In defense of the unborn during Tuesday’s hearing, Kentucky Solicitor General Matthew Kuhn stated, “The Attorney General respectfully urges the Court not to go down that path and not to create the Kentucky version of Roe v. Wade.” 

Kuhn said, “When it comes to abortion, our constitution here in Kentucky is simply silent. There’s not a shred of historical evidence…none from this Court’s case law and none from our constitutional debates that suggests our constitution implicitly protects abortion. Our constitution leaves the issue of abortion, a divisive one, to the General Assembly.”

Kuhn also addressed the recent defeated pro-life ballot initiative, Amendment 2, and said, “The effect of the Second Amendment if it was adopted, would have made explicit, what we argued is already implicit in our Constitution.”

Justice Lisabeth T. Hughes responded, “But it strikes me that a ballot initiative is the purest form of democracy. Why are you suggesting that it (the initiative) has no impact?”

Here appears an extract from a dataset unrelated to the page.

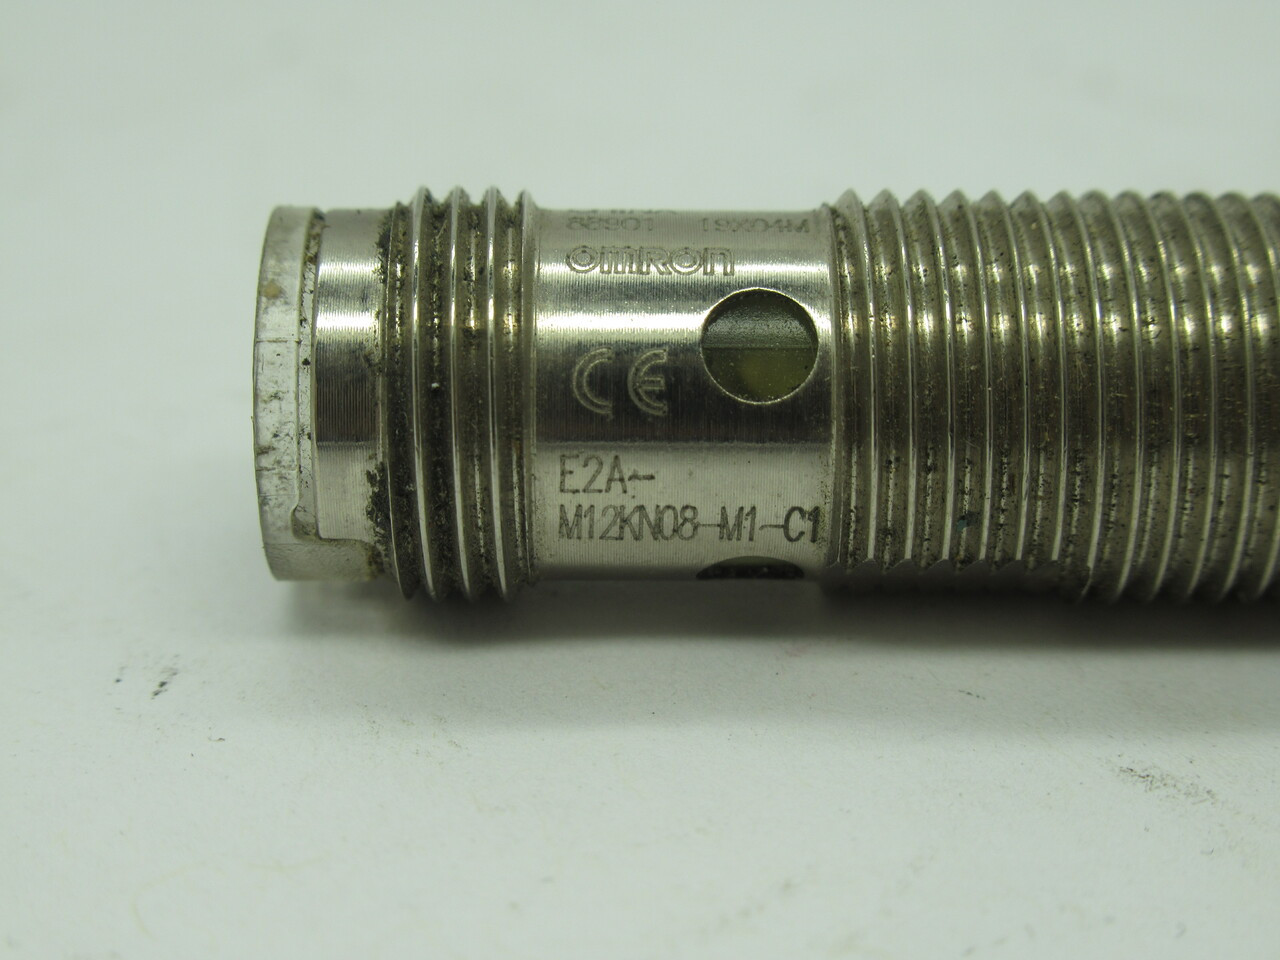 Omron E2A-M12KN08-M1-C1 Proximity Sensor M12 10-30VDC 200mA 8mm NO HARDWARE USED

Justice Michelle M. Keller also stated, “I agree with you that the words of the Constitution are what they were before November 8th, and they remain what they were subsequent to November 8th. And you ask us to ignore that vote when approaching this constitutional question today.”

Attorney Heather Getnarick for EMW Women’s Clinic, arguing in favor of abortion said, “Patients irreparable injury includes being forced to remain pregnant against their will. The patients constitutional right to abortion is inextricably bound up with the providers ability to provide that care.”

Getnarick also stated, “There are very real harms happening right now while these laws are not enjoined. I am not suggesting that there would be no line drawing…There would be some point at which bans after a certain gestational age would be upheld because at that point the State’s interest would be compelling enough.”

Justice Laurance B. VanMeter responded regarding when life should be protected, “Why is…the line drawing exercise ultimately for the legislature….isn’t that ultimately the role of the legislature in public policy?

Building up to a question about how the pro-abortion counsel gets around privacy not being interpreted to include a right to an abortion, Justice VanMeter asked,  “How do you address the argument that there was more or less a total abortion ban in 1910 very close in time to the 1891 constitution that was in place for 63 years until Roe v. Wade….So, if there’s a right to privacy and self-determination that exists now it had to exist then.”

Liberty Counsel’s Founder and Chairman Mat Staver said, “Since the horrible abortion decisions were finally overturned at the U.S. Supreme Court on June 24, now the battle to protect life continues in Kentucky and in other states. The right to life is the right of all rights. Without the right to life, all other rights are meaningless.”